Michael Kevin Johnston
just a blog about my life. it's way easier than writing about my life in a journal. if you stumble upon this blog, you might find it interesting, or you may just be bored to tears. either way, it's okay. if you don't like it, move on to the next one.
Tuesday, February 15, 2011
Wednesday, February 2, 2011
Firing someone is never easy.
Firing someone is never easy. Such a harsh term, "firing". It's makes it sound like your burning somebody alive. Seriously, I will use the word termination.
The thing about working so closely with people is the simple fact that you become "friends". You spend more time with people you work with, than you do with your own family. In my case, I thought I was doing the right thing by giving Sommer an opportunity to grow and build her clientele.
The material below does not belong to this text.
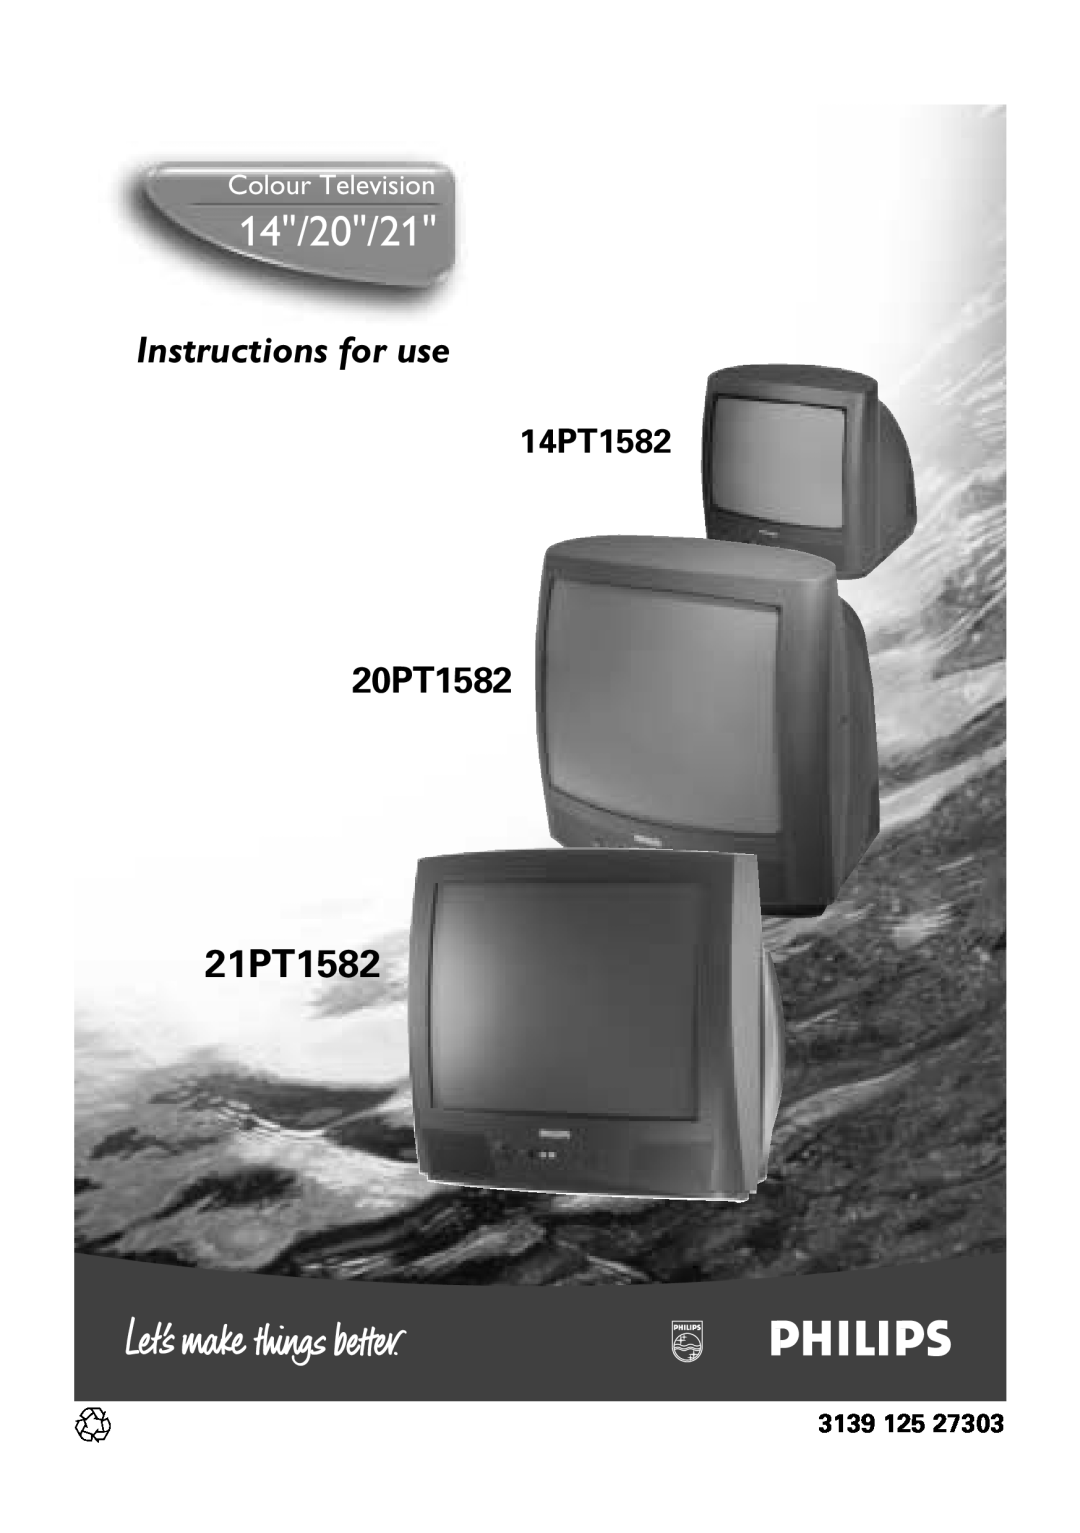 Philips 20PT1582 manual 3139 125, 14/20/21, Instructions for use, 21PT1582, 14PT1582, Colour Television

To my detriment giving her too much time was making me the "enabler". I was trying to be the best person I could be by not letting her go a long time ago. The fact is that in this struggling economy, I was paying way too much for the job that was being performed
The timing could not be worse. The very time she is going through a rough patch in her relationship with, my friend (that I matched made with 10 months ago), was the way the timing played out for this termination as well.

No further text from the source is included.